实用指南：豆瓣图书评论数据分析与可视化

【题目描述】豆瓣图书评论数据爬取。以《平凡的世界》、《都挺好》等为分析对象，编写程序爬取豆瓣读书上针对该图书的短评信息，要求：

（1）对前3页短评信息进行跨页连续爬取；

（2）爬取的数据包含用户名、短评内容、评论时间、评分和点赞数（有用数）；

（3）能够根据选择的排序方式（热门或最新）进行爬取，并分别针对热门和最新排序，输出前10位短评信息（包括用户名、短评内容、评论时间、评分和点赞数）。

（4）根据点赞数的多少，按照从多到少的顺序将排名前10位的短评信息输出；

（5附加）结合中文分词和词云生成，对前3页的短评内容进行文本分析：按照词语出现的次数从高到低排序，输出前10位排序结果；并生成一个属于自己的词云图形。

1. 抓取获取<<都挺好>>短评的 url

https://book.douban.com/subject/20492971/comments/?start=20&limit=20&status=P&sort=score
分析url

subject/20492971：书籍ID为20492971
comments/：评论页面
start=20：从第20条评论开始显示（分页参数）
limit=20：每页显示20条评论
status=P：只显示已发布的评论（P代表Published）
sort=score：按点赞量排序

经分析 sort=time 为按时间排序 (最新) - 需要登录豆瓣

2. 获取headers 和 Cookie
在爬取豆瓣等反爬机制较严格的网站时，模拟浏览器行为 是关键。

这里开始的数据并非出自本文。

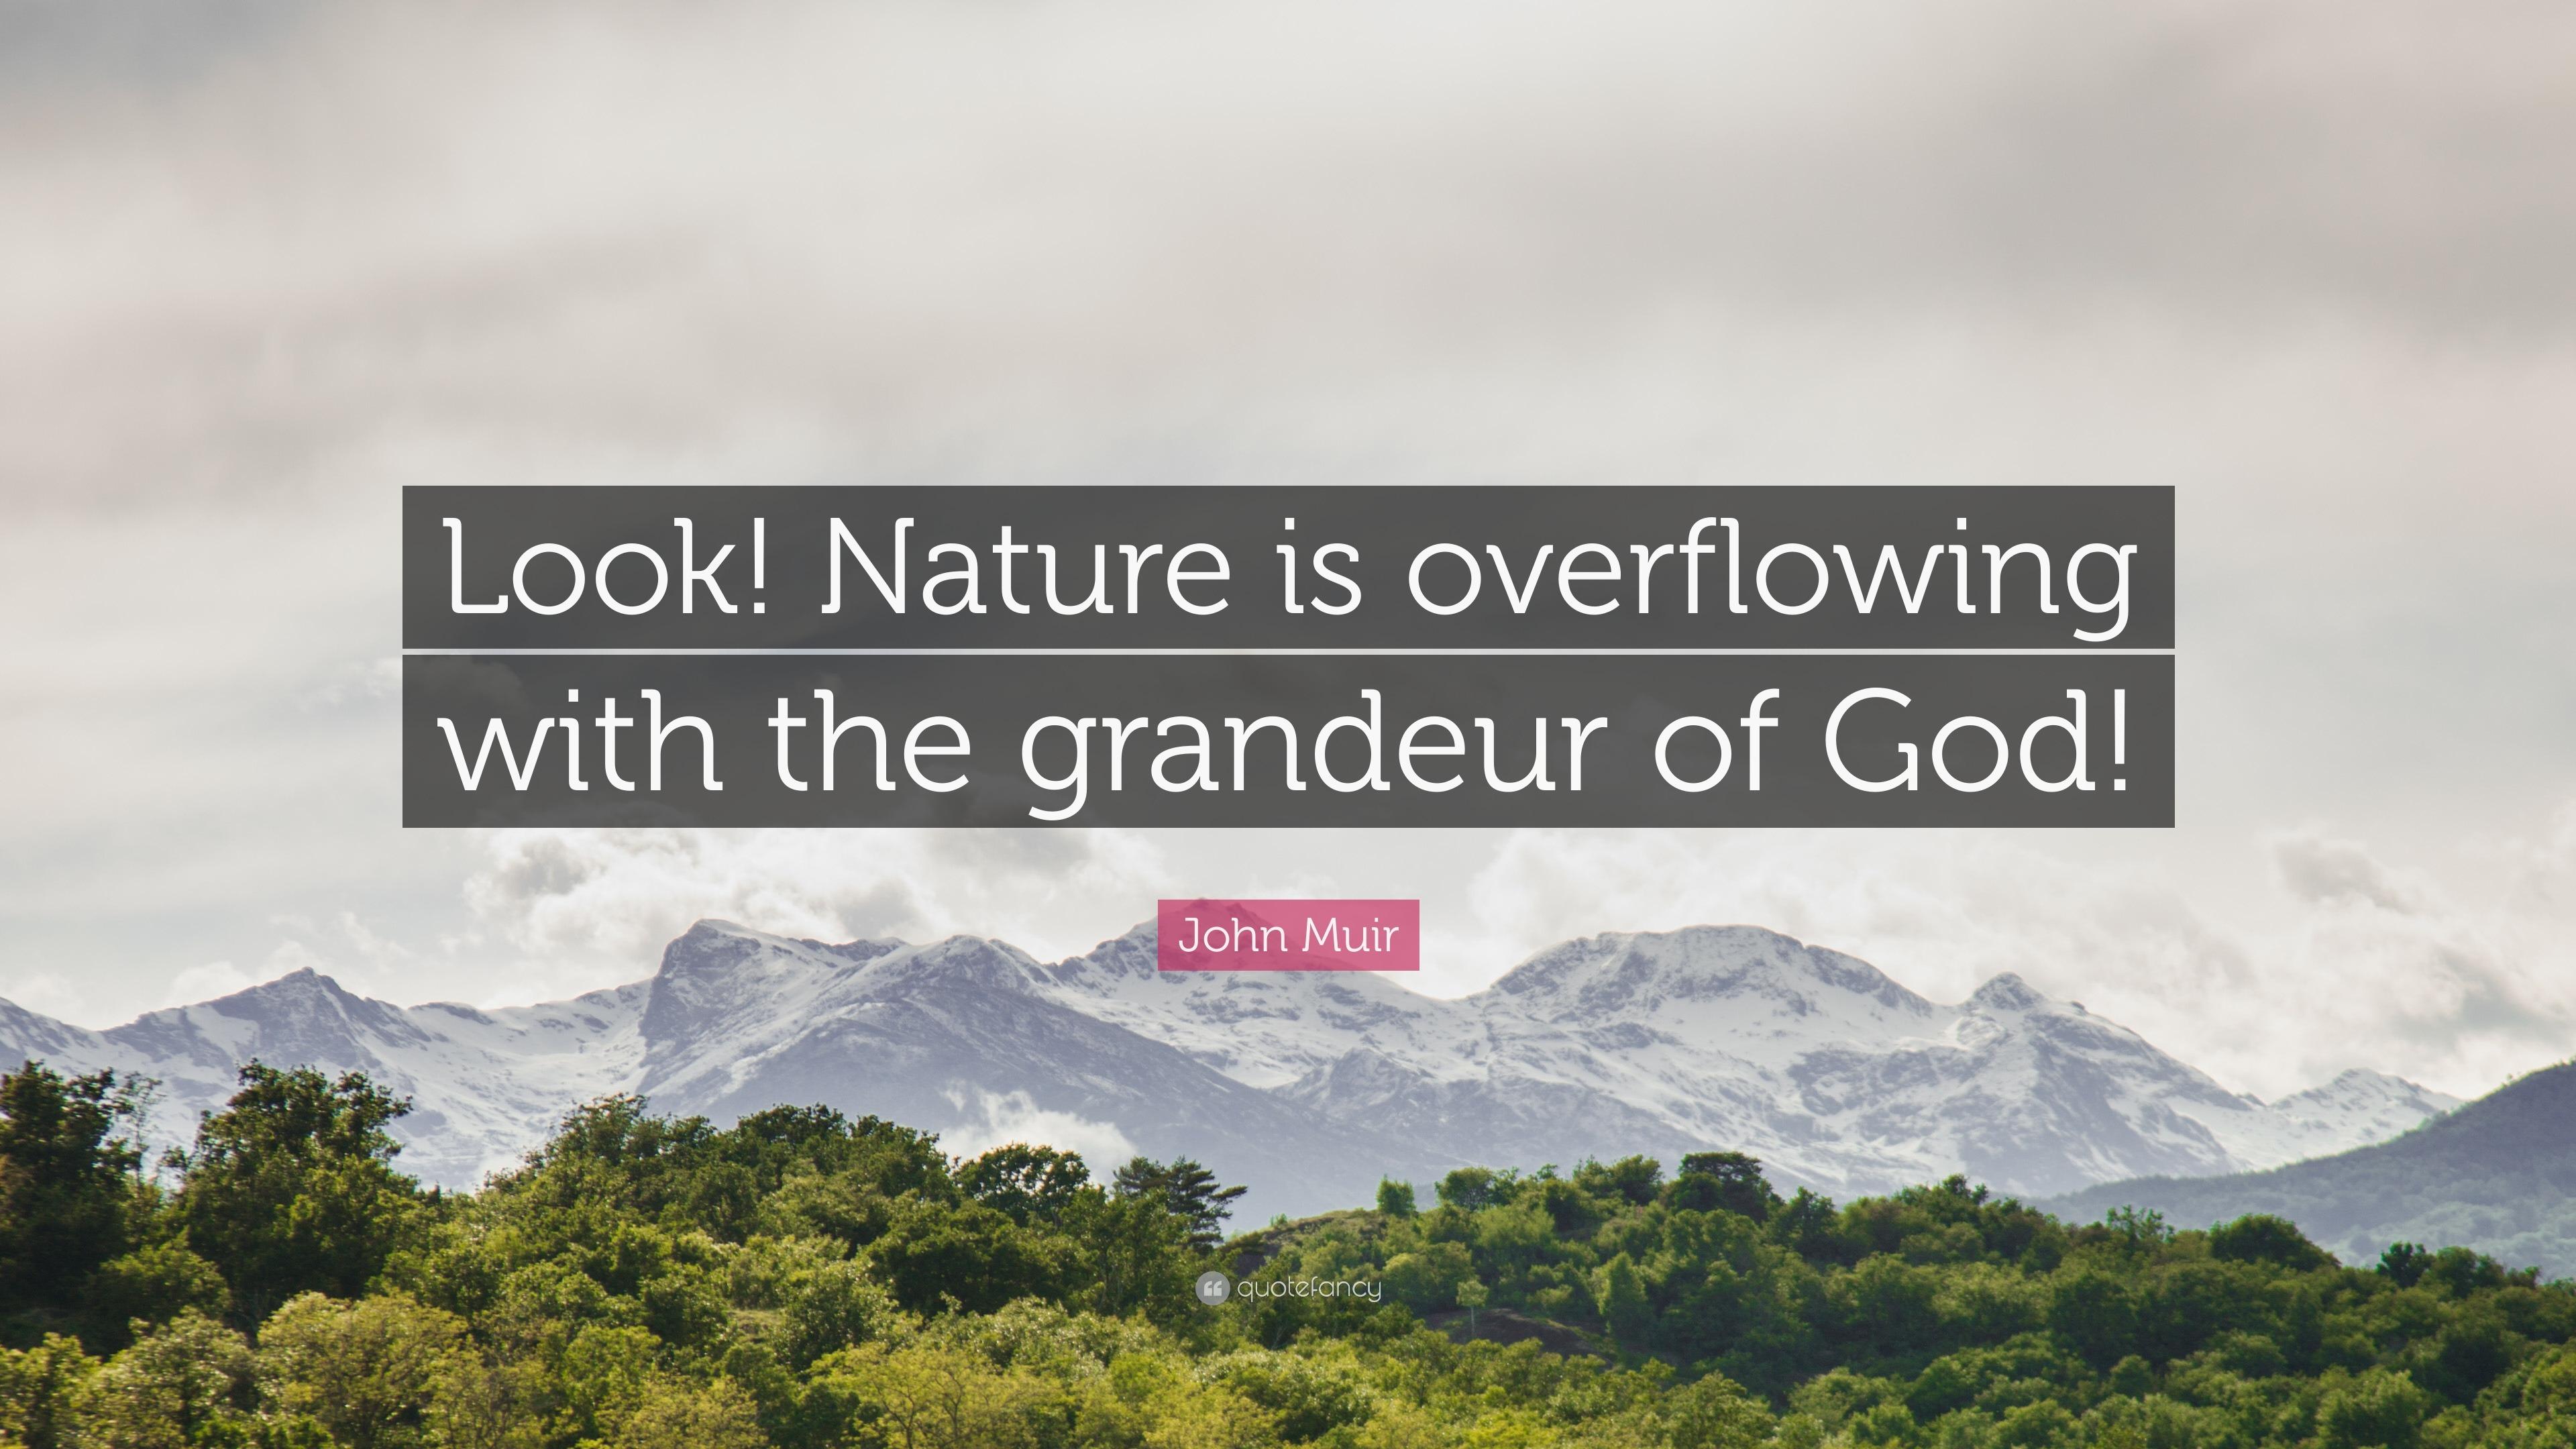 John Muir Quote Look Nature Is Overflowing With The Grandeur Of

以下是补全的爬虫策略，包括 请求头设置、Cookies、延迟控制、代理IP 等关键点：

关键反爬策略：

必须配置完整的请求头(Headers)和Cookies
建议使用代理IP池（特别是大规模爬取时）
合理设置请求间隔（本示例未展示，但生产环境建议添加）

分享一个好用的网站

Convert curl commands to Python

它可以将 cURL 命令快速转换为 Python、JavaScript、PHP 等多种语言的代码，非常适合爬虫开发时快速生成请求模板。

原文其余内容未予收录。